Assuming your pipe is standard ABS DWV, I'd personally fabricate a rough
plug out of some ABS scrap, and jam it into the hole liberally greased
with ABS glue.
It'll take at least half a day to completely set, but this is probably
the most rugged repair, because you're essentially welding the hole
shut. Or, "reconstructing the ABS pipe" if you prefer to look at it
PVC glue won't work on ABS. Yes, you can glue PVC to ABS using
"PVC-ABS" glue, but why bother? Pure ABS-ABS is better.
Epoxy or various other glues will often work (given suitable prep),
but not nearly as well as ABS solvent weld.

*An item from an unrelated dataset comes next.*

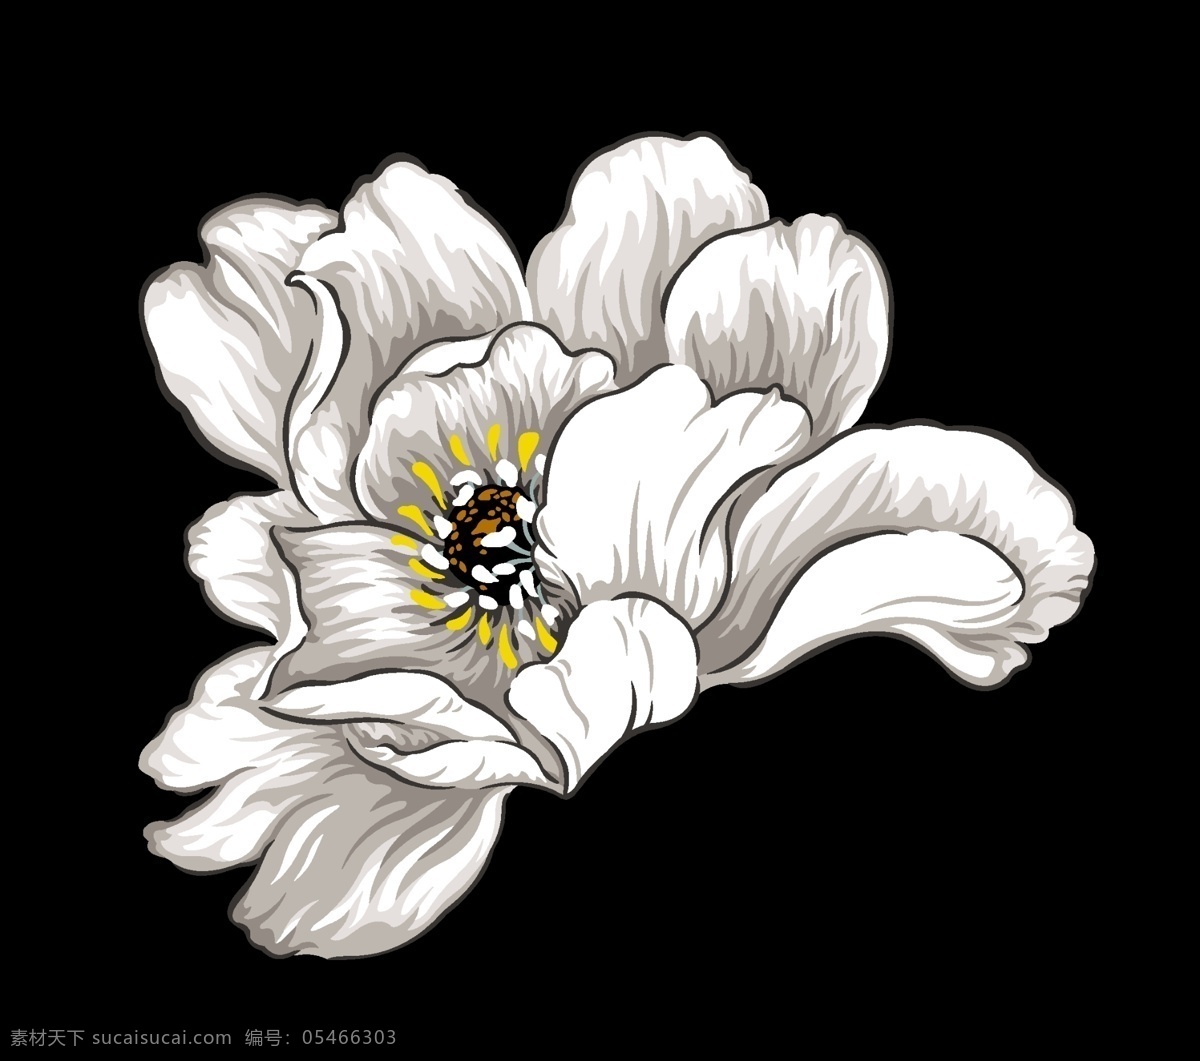 手绘花卉图片 手绘花 创意花卉 印花素材 高清 服装图案素材 家纺图案素材 花卉

Reconstructing ABS using ABS scraps and ABS glue works remarkably
I had a electric blower housing case shatter when the impeller
came apart at speed. The blower case was 100% ABS. It was
easy to piece it back together using ABS glue (and a few scraps),
and now you can't tell. It's just as strong as originally.
Chris Lewis, Una confibula non set est
It\'s not just anyone who gets a Starship Cruiser class named after them.

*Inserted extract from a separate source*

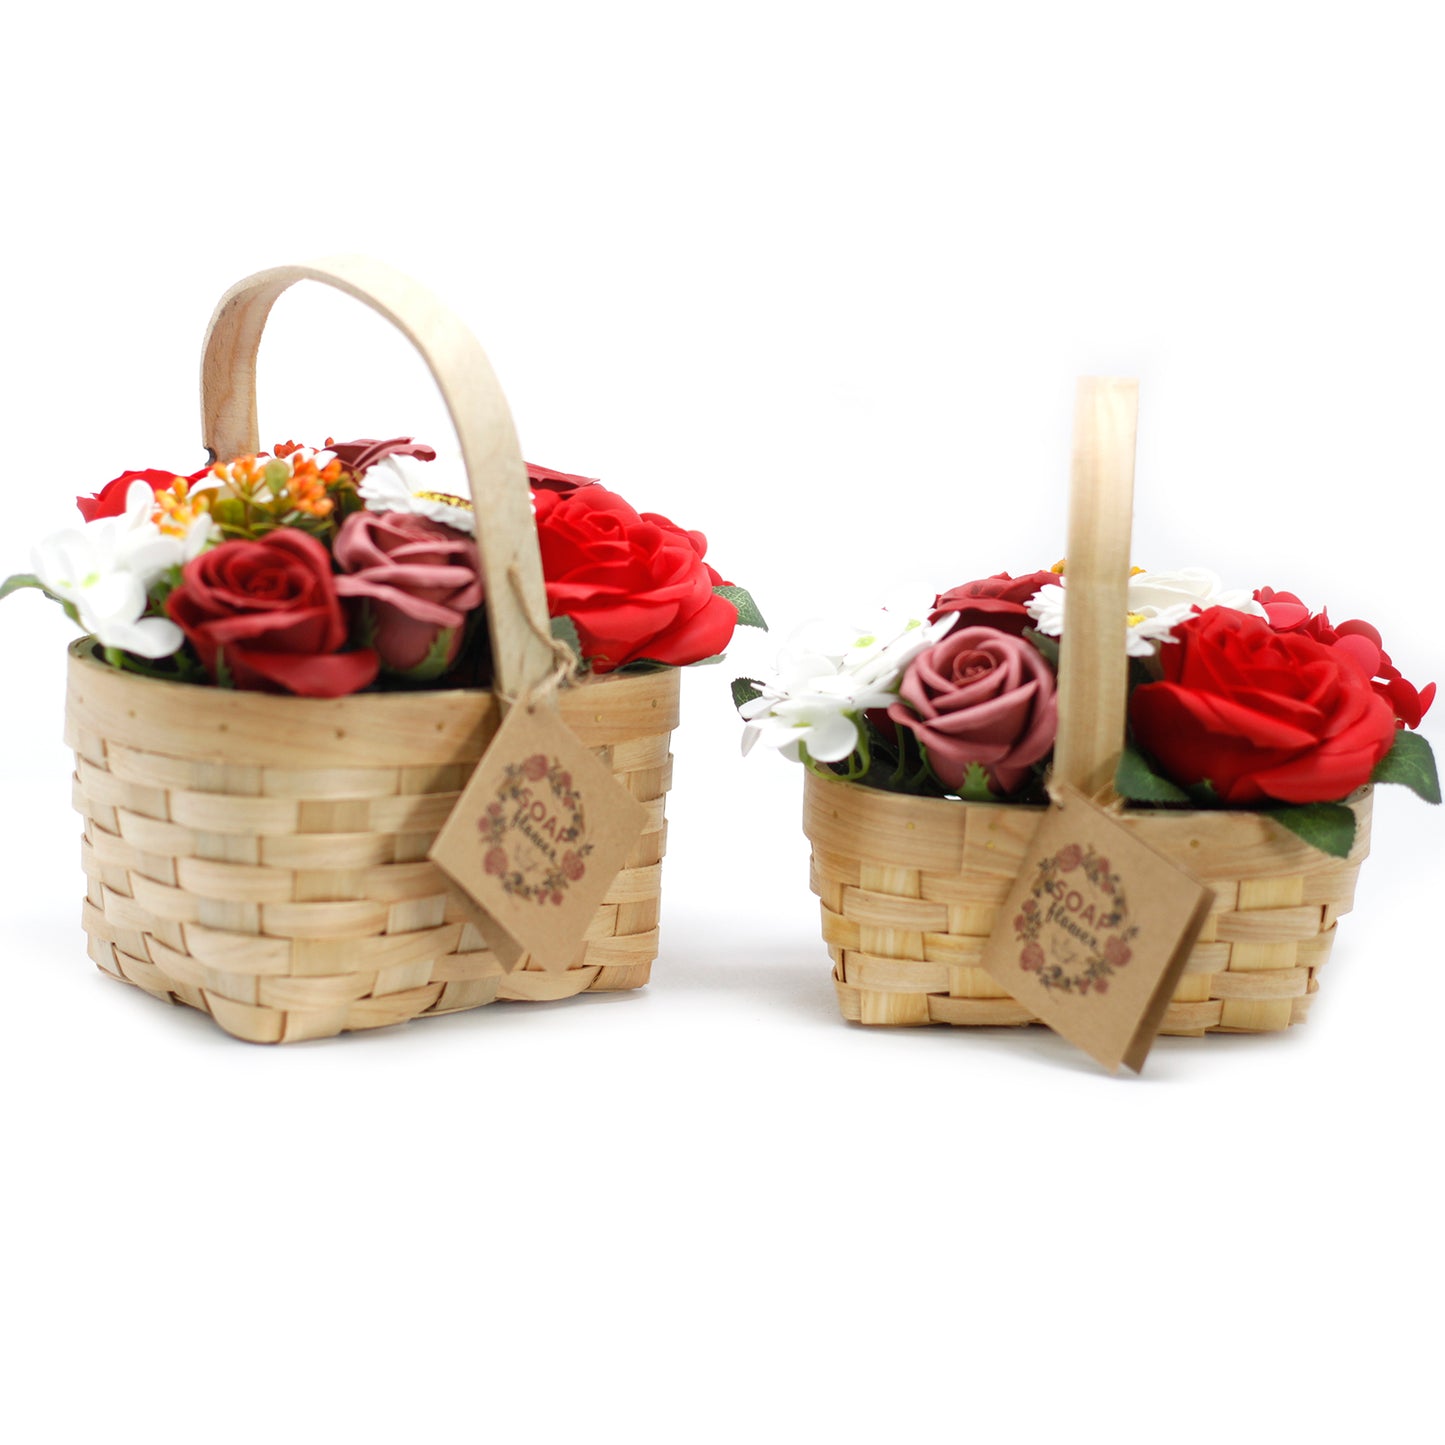 Large Red Soap Flowers Bouquet in Wicker Basket

Chris Lewis ( email@example.com) said...
The OP's subject line says "PVC", so the ABS suggestions will not work.
What colour is the pipe -- white, black, or something else?

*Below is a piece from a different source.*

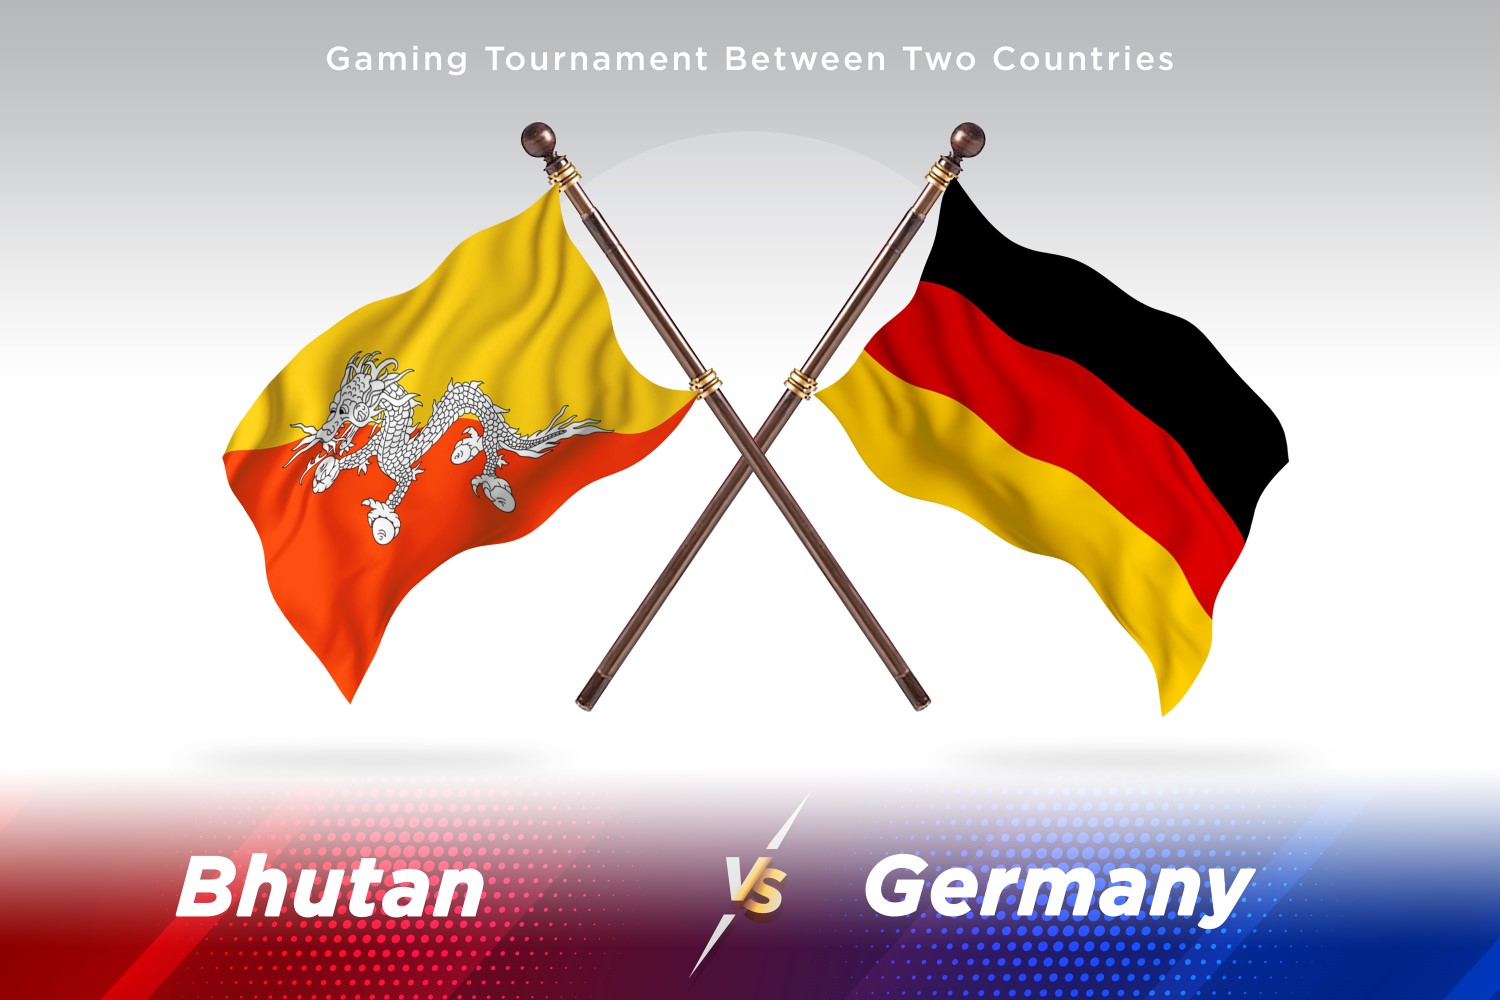 Bhutan versus Germany Two Flags

Where I am (Toronto), we cannot use PVC for DWV, so the only plastic
DWV pipe used is ABS and that is black (ABS, the plastic, can be made
in just about any colour, but the DWV pipe is black).
We can, and usually do, use PVC for the drains from the house to the
sewer system, but the PVC-to-ABS coupling is below the basement floor.
Here, PVC used for sanitary drains must be coloured and is usually
green. White PVC can only be used on storm sewer connections (in our
municipality, only the weeping tile can connect to it).
Or a PVC solvent weld, if the pipe is PVC.
"Never ascribe to malice what can equally be explained by incompetence."
Right before I bought my first home I had installed an R/O filter
system in my apartment. For the waste water line I had to drill a hole
in the drain pipe. When I removed the R/O unit I simply threaded a
short nylon bolt into the hole. Worked like a charm. It was alot
easier than replacing the drain pipe....
Your wife is stupid Stupid STUPID !!!!
Get a divorce.
Then clean the hole real well and coat it with JB Weld
Next, take a Fernco coupling and slit it down one side (with the
clamps off of it).
Slip it around the pipe and install the clamps. You'll have to work
the clamp bands into the threads of the clamp, which can be a little
tough to do inside the wall.
Be sure the split in the fernco is AWAY from the hole and the JB Weld
is still wet.
I would NOT use the quick drying JB Weld. It will take a while to get
the clamps on, and the stuff will dry to fast.